Глава 33 
     
     Когда чай разлит по чашкам, окно открыто, а мы с бабушкой успокоились в лучах убывающего солнца, я говорю негромко:
     – Я хочу поговорить с тобой кое о чем.
     – Конечно, Горошинка, о чем угодно.
     – Я хочу поговорить о маме.
     Она вздыхает и откидывается на спинку стула:
     – Знаю. – Бабушка складывает руки на груди, держа локти параллельно земле, словно убаюкивает себя. – Я была на чердаке. Ты поставила ящик на другую полку.
     – Я совсем мало прочла… Прости меня.
     – Нет, это мне надо просить прощения. Уже несколько месяцев я хочу поговорить с тобой о Пейдж, но…
     – Я не давала тебе ни о чем со мной поговорить.
     Она слегка кивает. Никогда не видела ее такой серьезной.
     – Бейли не должна была умереть, ничего не узнав о своей маме, – произносит она.
     Я опускаю взгляд. Бабушка права, а вот я была не права, когда думала, что Бейли не захотела бы знать все, что знаю я, как бы больно от этого ни было. Я копошусь пальцами в остатках «Грозового перевала» и жду, когда бабуля заговорит снова.

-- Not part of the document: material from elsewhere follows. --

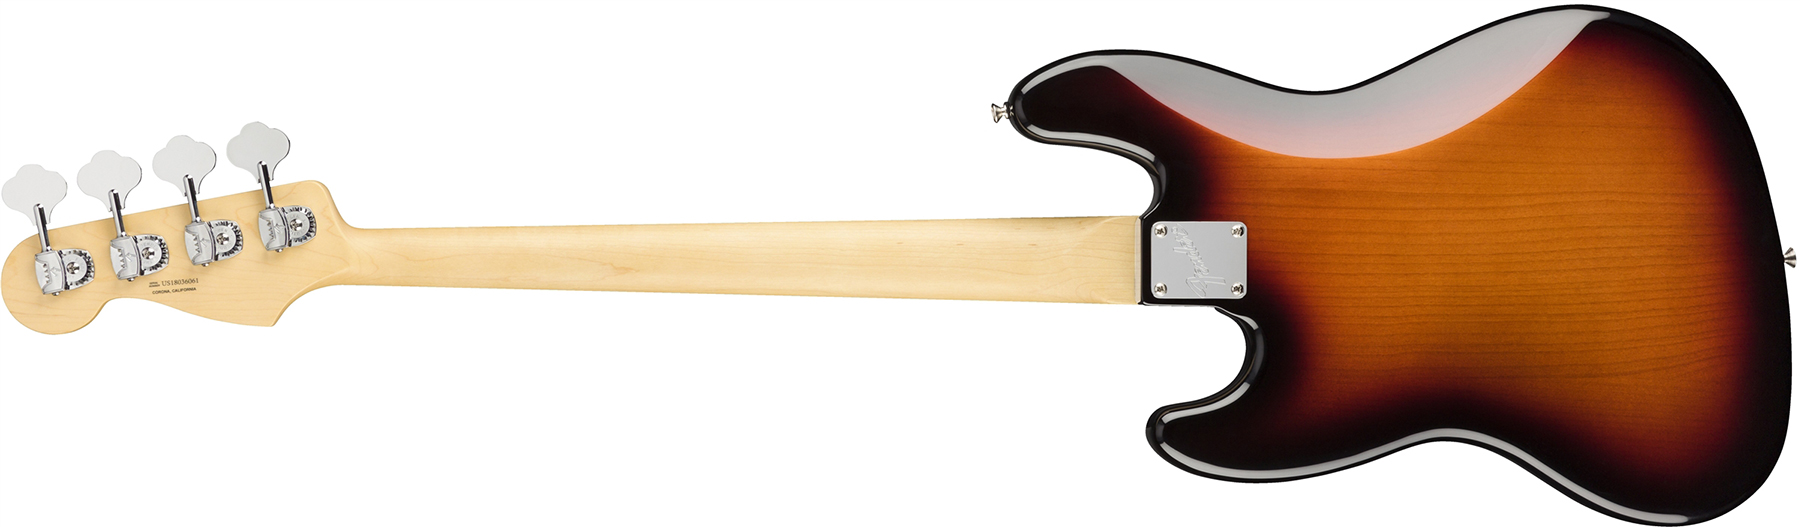 Fender Jazz Bass American Performer Usa Rw - 3-color Sunburst - Solid body electric bass - Variation 1

     Голос ее звучит сдавленно, напряженно:
     – Я думала, что защищаю вас, девочки. Но теперь мне кажется, что защищала я саму себя. Мне так трудно говорить о ней. Я убеждала себя, что чем больше вы будете знать, тем больнее вам будет. – Она придвигает к себе обрезки книги. – Поэтому я сосредоточилась на ее неуемном беспокойстве, чтобы вы не чувствовали, будто вас бросили. Не винили ее или, что еще хуже, себя. Я хотела, чтобы вы восхищались ею. Вот и все.

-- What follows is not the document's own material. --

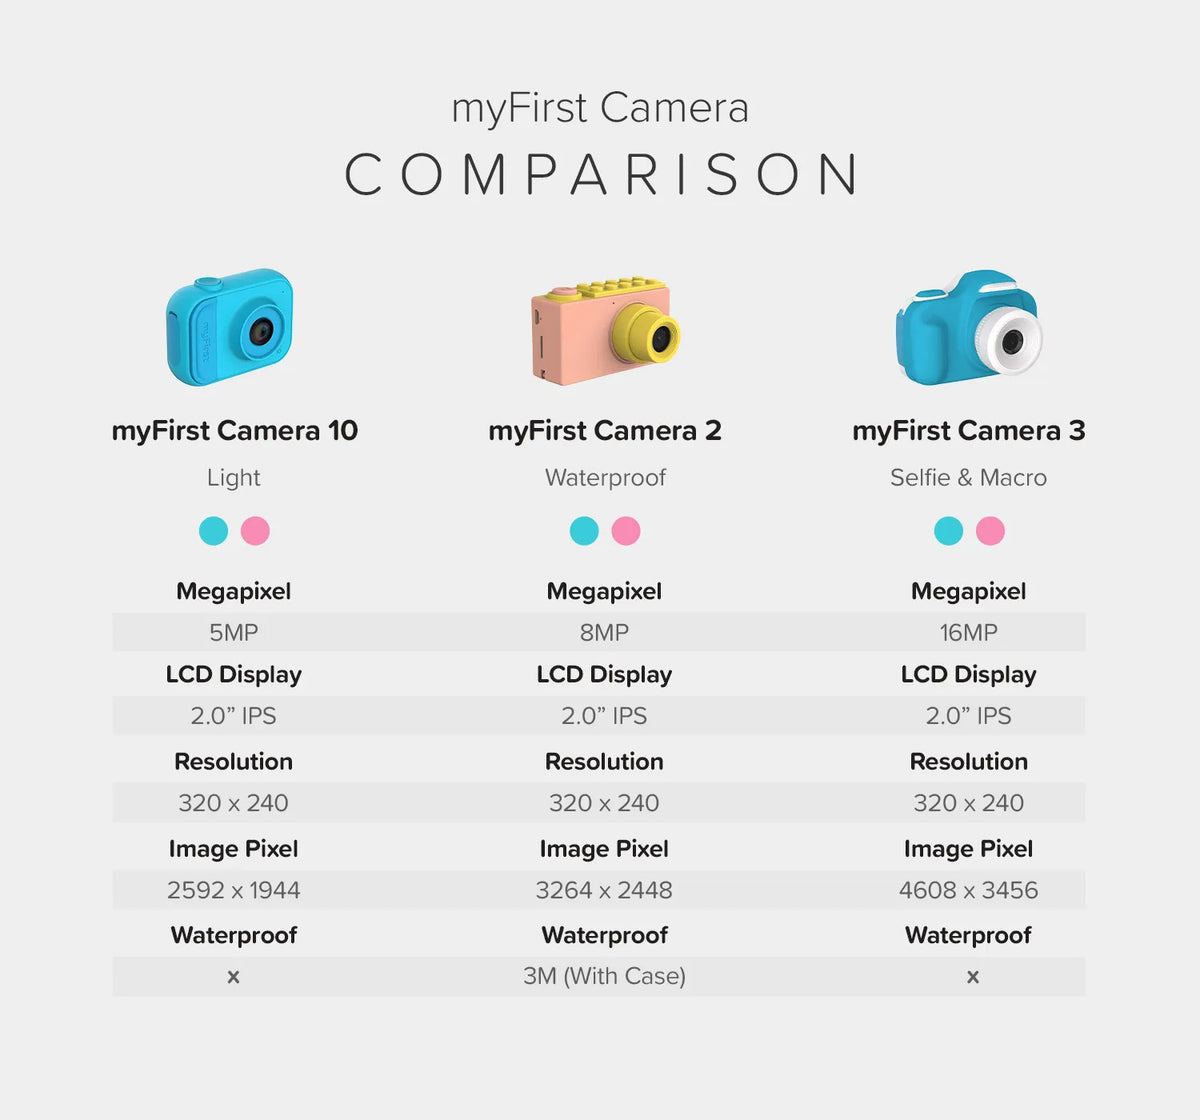 myFirst Camera 3 comparison

     Вот и все? По мне пробегает жаркая волна. Бабушка протягивает мне руку, но я отдергиваю свою.
     – Ты придумала историю, чтобы мы не чувствовали, что нас бросили, – говорю я. – Но ведь нас правда бросили, бабуль, и мы не знали почему. Я и сейчас ничего о ней не знаю, кроме этой безумной истории. – Мне хочется зачерпнуть пригоршню «Грозового перевала» и швырнуть ей в лицо. – Почему ты не сказала нам, что она сумасшедшая, если так и есть? Почему не сказала нам правду, какой бы она ни была? Разве так было бы не лучше?
     Она хватает меня за запястье. Крепко – думаю, крепче, чем сама рассчитывала.
     – Но ведь никогда нет только одной правды, Ленни, никогда! Я не рассказывала вам вымышленных историй. – Она пытается успокоиться, но я-то вижу, что бабушка вот-вот вдвое увеличится в размерах. – Да, это правда, что у Пейдж не все дома. Ну кто в здравом уме оставит двух маленьких дочек и не возвратится?
     Теперь, когда я слушаю ее во все уши, она отпускает мое запястье. Бабушка окидывает кухню диким взглядом, словно ищет на стенах слова, которые могла бы сказать мне.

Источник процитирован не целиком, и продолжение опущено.